Серая гладь была абсолютно непроглядна.
– Так не бывает, – подумал Мишка, – Даже если озеро заболочено, всегда, хоть немного, да бывает видна толща воды, ну, уж по крайней мере у самого берега. А тут… Даже в самой грязной луже и то можно хоть что-то разглядеть.
Здесь же вода похожа была на серый сгусток, непроницаемый для солнечного света, даже блики не играли на его поверхности – оно словно поглощало свет в себя, съедало его.
– Эта вода поглощает и звуки, – вспомнил Мишка про то, что камень вошёл в воду, как нож в подтаявшее сливочное масло – бесшумно и мягко.
Парень огляделся, неподалёку валялась сухая ветка. Он поднял её и, вернувшись к озеру, опустил один конец в воду и взболтал её. Но палка передвигалась в воде, как в тягучей непонятной субстанции, и вновь – ни всплеска, ни волн. Мишка вытащил палку обратно и вздрогнул: та её часть, что была погружена в воду, окрасилась в насыщенный, голубой оттенок, похожий на медный купорос, которым бабка с дедом опрыскивали свой огород, дабы защитить его от вредителей. Он вытаращил глаза и провёл по палке кончиками пальцев – ничего. Мишка нажал, палка с хрустом переломилась пополам, и он увидел, что внутри она сделалась такой же голубой, пропитавшись насквозь этим ярким, красивым цветом.
– Чудеса какие-то, – пробормотал он, – Что в составе этой воды? Хм, ведь она идёт по поверью из подземных источников. Видимо, она не простая, и содержит какие-то вещества. Может быть даже лечебные? Интересно, замечал ли кто-то кроме него этот эффект окрашивания? Наверняка замечал, не может быть, что за все годы никто ни разу не подходил к воде. Но почему он никогда не слышал от местных рассказов об этом явлении? А, может быть, вода ядовита, поэтому и стараются люди не упоминать лишний раз про озеро, чтобы не повадно было никому сюда ходить? Да и не зря же оно зовётся Пустым. Значит, и правда, губительна эта вода для всего живого.
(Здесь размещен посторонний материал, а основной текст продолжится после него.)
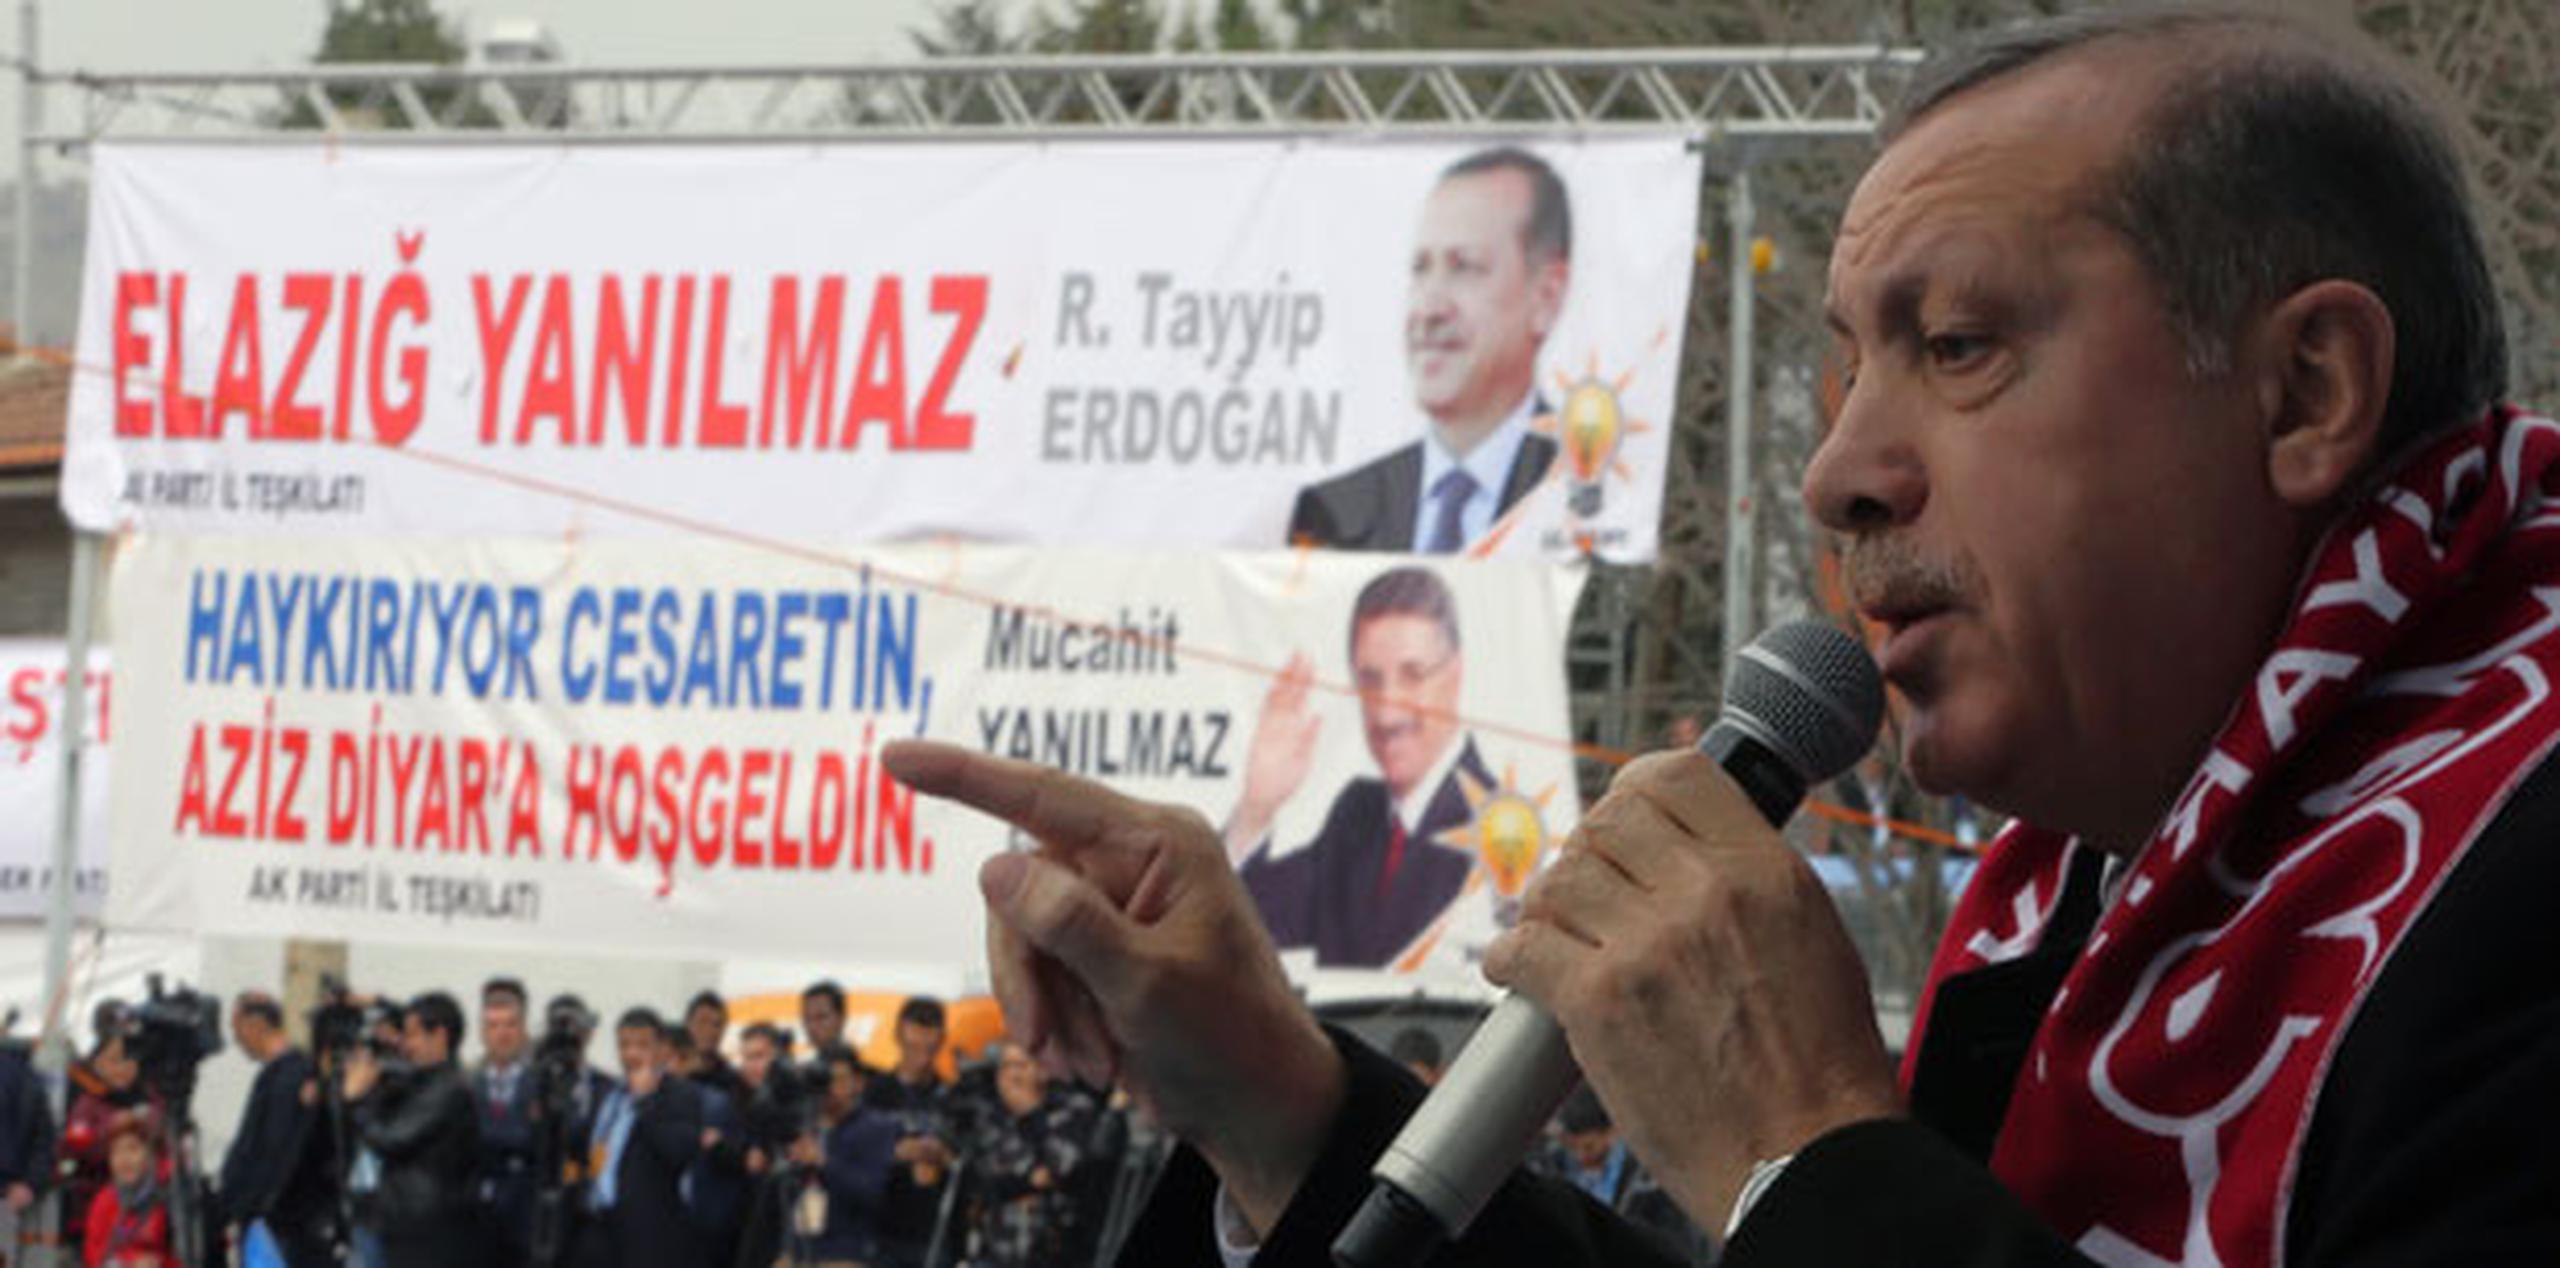 El presidente de Turquía, Abdullah G l, dijo que solo se puede cerrar estas plataformas si alguien ataca de forma delictiva la vida privada de alguien.(AP)

Но всё ж таки любопытство не давало Мишке покоя и он, поколебавшись, погрузил свои ладони в воду, а после развёл их в стороны. Произошло невероятное. Серая поверхность разошлась в стороны, как глазурь на торте, обнажив его внутренность ярко-голубого цвета. Мишка быстро вытащил руки из воды, и тут же серая поверхность вновь сомкнулась над голубой «начинкой». Мишка поднёс ладони к лицу, покрутил их, осмотрел – кожа стала гладкой и нежной, как у младенца. Неуловимый аромат исходил от неё, тонкий, лилейный, свежий. Ладони слегка пощипывало, как от мятного холодка.
– Охр*неть, – только и выдохнул Мишка.
Он отошёл подальше от озера, постоял так несколько минут, что-то прикидывая, а затем зашагал в сторону деревни.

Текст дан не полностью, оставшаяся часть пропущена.